4-30-2011 Washington:
PASCO -- A convicted wife killer has been charged with stabbing his cellmate in Coyote Ridge Corrections Center, reportedly because the man is a sex offender.
John Robert Spicer, 49, is set for trial June 22 in Franklin County Superior Court on one count of second-degree assault. He has pleaded innocent.
The allegations stem from a Jan. 25, 2010, incident at the Connell prison, where Spicer and Sammy Stephens shared a cell in the new addition.
Spicer has been locked up since January 2002 for a second-degree murder conviction with a firearm enhancement out of Pend Oreille County, according to a Washington Department of Corrections spokeswoman. He shot his wife in April 2001 after reportedly waking up mad.
Stephens, 33, is at Stafford Creek Corrections Center in Aberdeen. He was readmitted to prison in October 2010 for failing to register as a sex offender in Clark County.

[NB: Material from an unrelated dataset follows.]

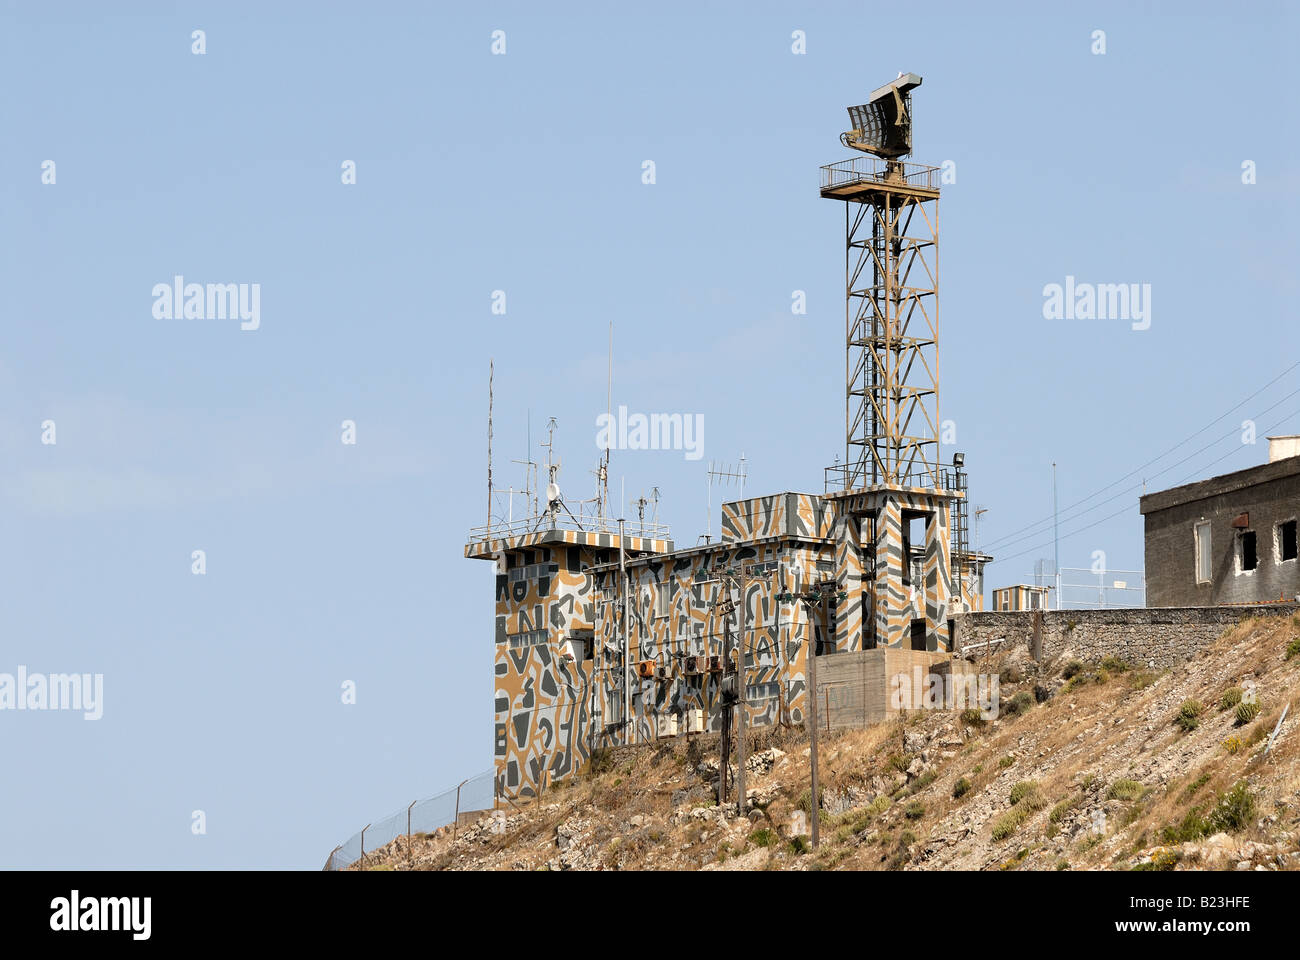 Military tower with radar and antennas Stock Photo

According to court documents, the two offenders were leaving their cell when Spicer grabbed Stephens from behind and stabbed him in the back of the neck with a knife-like weapon. Stephens broke free and ran down the stairs in their pod, with Spicer in pursuit, documents said.
That exchange was caught on video surveillance, with the two men going out of view as Spicer continued to follow while still allegedly holding the weapon in his right hand. Footage then shows him walk to a trash can and throw away the weapon, court documents said.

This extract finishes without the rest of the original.